Я опущусь на дно морское,

Я полечу за облака,

Я дам тебе все, все земное –

Люби меня…!

 

С точки зрения религиозной критики отказ от поиска рая и спасенья ради поиска бесовского бытия это гибель человека (см., например, книги бывшего митрополита Санкт Петербургского и Ладожского о. Иоанна, умершего в 1996 г.), а с точки зрения Лермонтова это единственно возможный путь поиска духовности и высшей нравственности. 

Рай, - царство Бога, - открылся для любви земной, которая к любви к Богу может не иметь никакого отношения. Чтобы попасть в рай, главное – любить, кого – не важно, хоть Демона (!), но любить. В лермонтовской концепции божественного любовь и спасение не противостоят. Они тяготеют к тождеству, делаются тождественными, сливаются в представлении о всеобщей сущности.
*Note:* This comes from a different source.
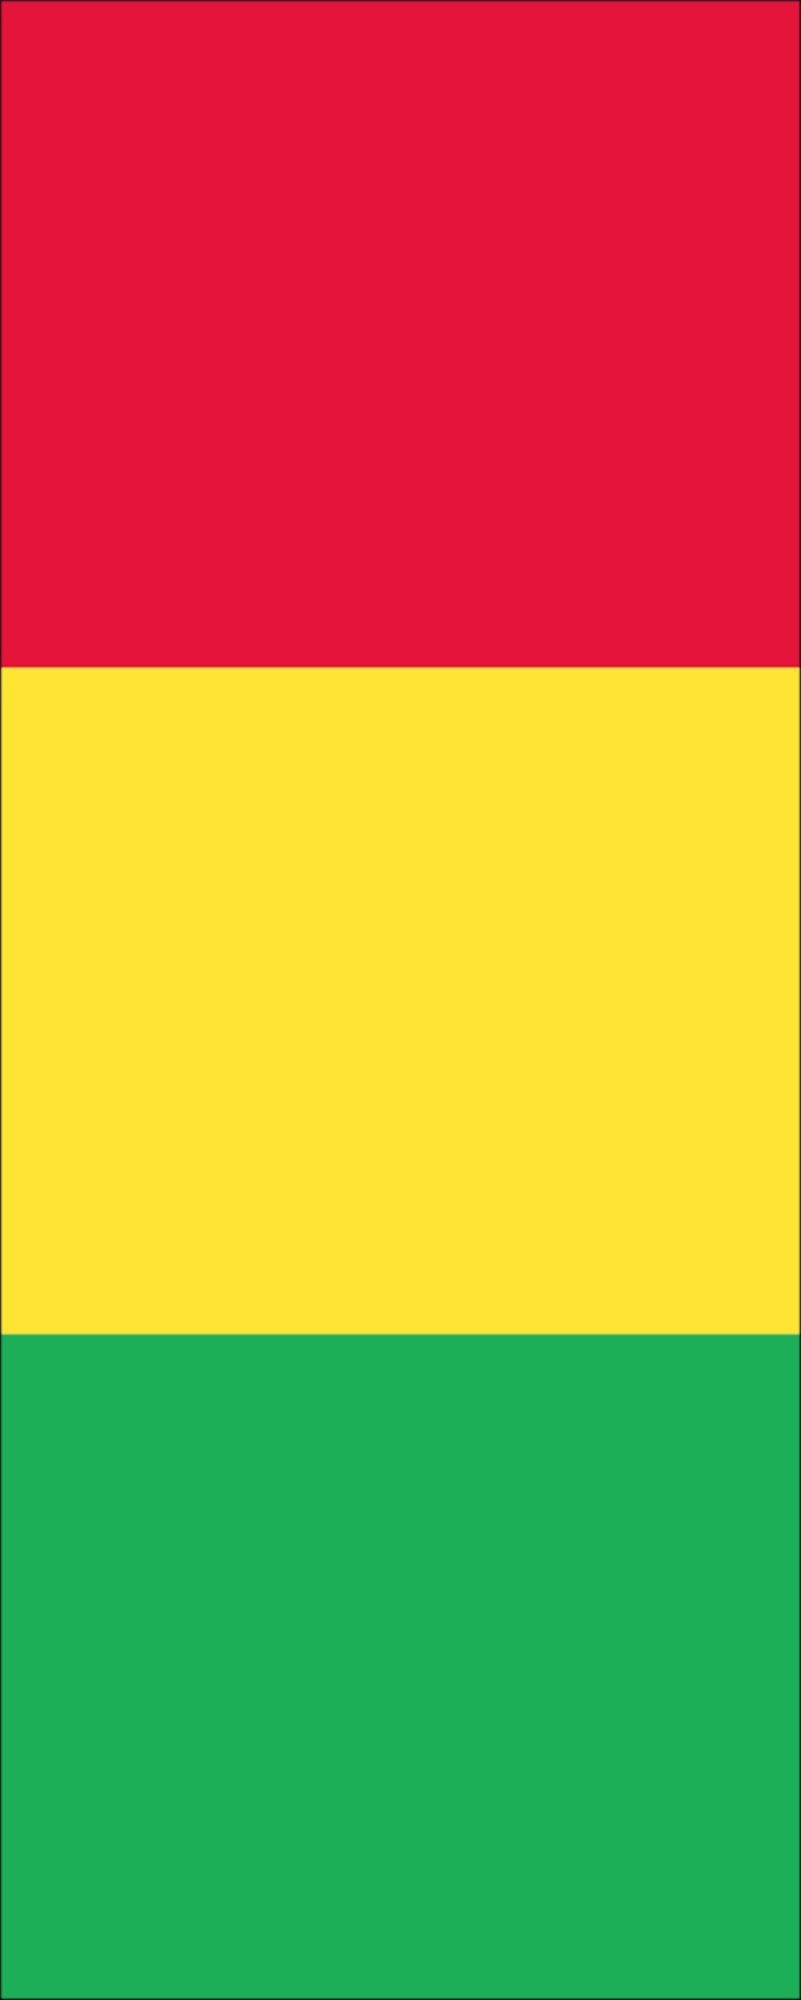 Guinea flaggenmeer Hochformat g/m² Flagge 160

И Лермонтов делает этот любовно-спасительный синтез единственно возможным способом – он переносит земную любовь в рай:

 

Что мне сиянье божьей власти

  И рай святой?

Я перенес земные страсти

  Туда с собой.

 

«Любовь мертвеца»[214]

Нельзя забывать – Лермонтов верующий человек. Для него божественное, Бог имеют высшие права. Рай – царство Бога, и сам человек не может изменить концепцию рая. Если нет разрешения Бога, перенос туда земной любви не возможен. Поэтому Лермонтову, чтобы произвести изменение в понимании высшей нравственности, надо было произвести изменение в интерпретации Бога. Это переосмысление произошло в поэме «Демон»:

Ангел, уносящий душу Тамары:

 

Но час суда теперь настал –

И благо Божие решенье!

Дни испытания прошли

С одеждой бренною земли

Оковы зла с нее ниспали.

Узнай! Давно ее мы ждали!

Ее душа была из тех,

Которых жизнь – одно мгновенье

Невыносимого мученья,

Недосягаемых утех:

Творец из лучшего эфира

Соткал живые струны их,

Они не созданы для мира,

И мир был создан не для них!

Ценой жестокой искупила

Она сомнения свои…

Она страдала и любила –

   И рай открылся для любви!

 

Любовь Тамары к Демону, с точки зрения церковного канона это абсолютно греховная страсть, притом соединенная с сознательным богоотступничеством. Тем не менее, душа Тамары попадает в рай – ее туда несет ангел, посланный Богом. В процитированном сюжете из поэмы «Демон» происходит радикальное изменение канонической интерпретации спасения.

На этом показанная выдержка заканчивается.